What is geospatial?
Geospatial is a new term for many, while confusing at the best to most. Few around the world would see the full view of this term beyond the many perspectives it can present itself in. There were many technical as well as conventional interpretations I came across ever since I heard this term first in Madison, Wisconsin. It, for sure, is not a replacement to the more popular term GIS. GIS is more suitable to a piece of software that a buttonlogist would know to press buttons in. I present here, my definition and understanding of this beautiful term for the novice or the expert.
As part of my geospatial education at the University of Wisconsin-Madison, I took many courses and worked on multiple projects involving GIS work. Though we commonly referred to all this work as GIS, our program was called Geospatial Information Science and Engineering (GIE or GISE). While we were searching for seminar topics during a semester, I asked my teacher Dr Alan Vonderohe to tell us all “What is GIE?”. Interestingly enough, that was the first time such a discussion had come up and he put together a big picture definition of the whole program he nourished and brought to form for us. And to me that seminar was the game changer. It not only explained to me what geospatial is, GIE is, and GIS is but also took my understanding of this beautiful science leaps ahead. The full umbrella of concepts, methods, data-structures, algorithms, data, reference frameworks, tools and technologies involved in learning about the “space/time fabric” – spatial, in the context of the “earth” – geo, using the digital tools is Geospatial. And GIE is an engineering science of understanding and leveraging Geospatial for solving the problems related to the earth. What do I mean by engineering science? In simplest terms, a well defined approach to dealing with the spatial (digital) information through its entire life cycle from inception to consumption. What else have we left unaddressed in this picture? What a beauty, a consummate picture, ain’t it?
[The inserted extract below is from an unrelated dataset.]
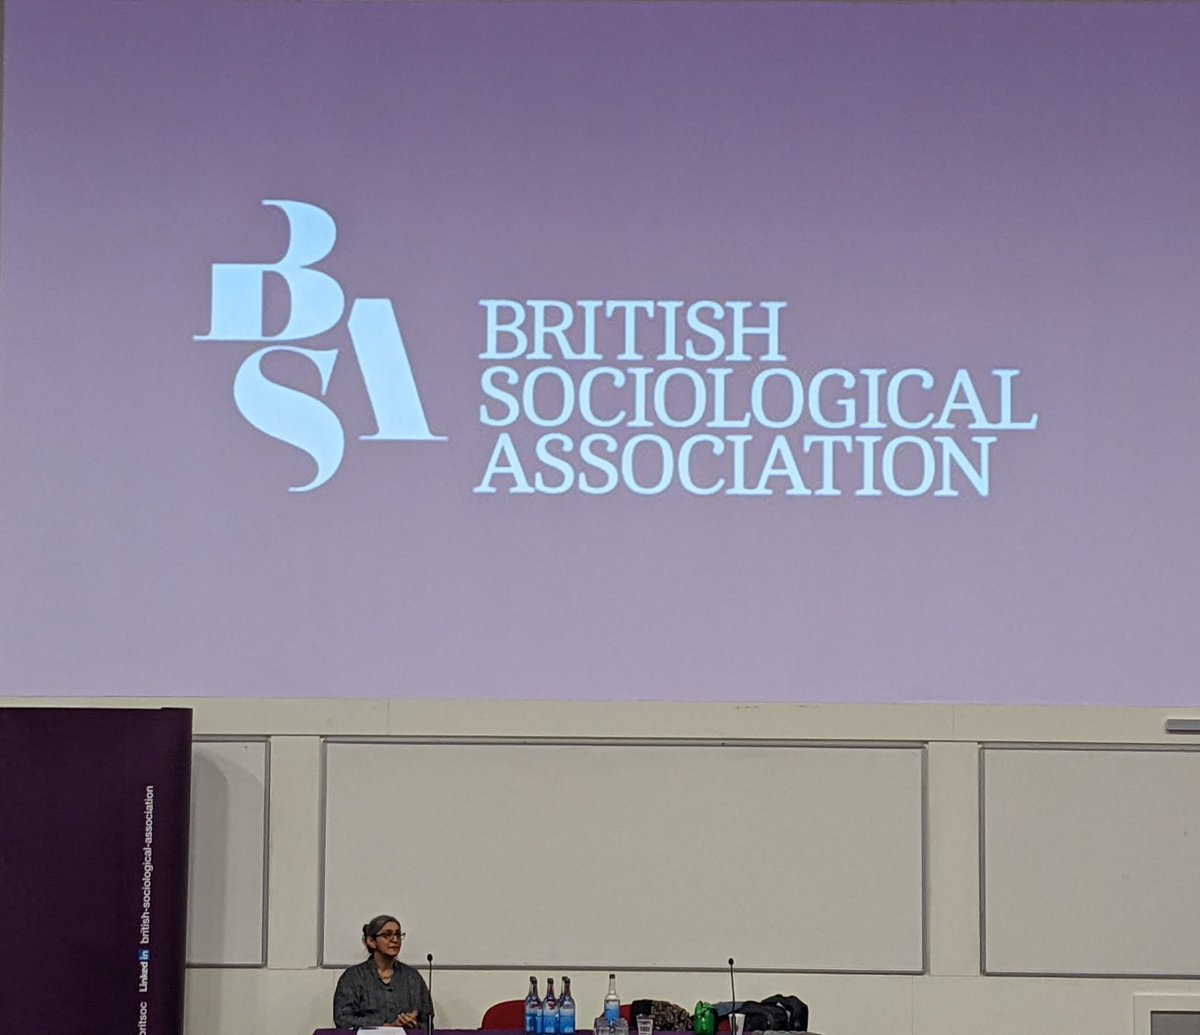 I've come, I've presented and now I'm relaxed and ready to listen to @GKBhambra #britsoc23

In the actual words of my professor Dr Vonderohe, “a discipline of science is born when a person implementing or presenting the science needs to develop a full rounded understanding of all the sub-aspects of the science, either borrowed from other disciplines or new ones developed within the discipline”. Geospatial is such a new discipline of science. A geospatial professional needs to understand aspects of geodesy, surveying, computer science, mathematical science, theoretical physics, cartography, information technology, in addition to spatial analysis concepts, tools, algorithms commonly available as piece of commercial software. Only such a professional can efficiently solve or improve solutions for problems deemed daunting hitherto. The Geospatial science is born to enhance the human interactions with and understanding of the earth-based objects and phenomena thus improving the overall quality of life of our civilizations.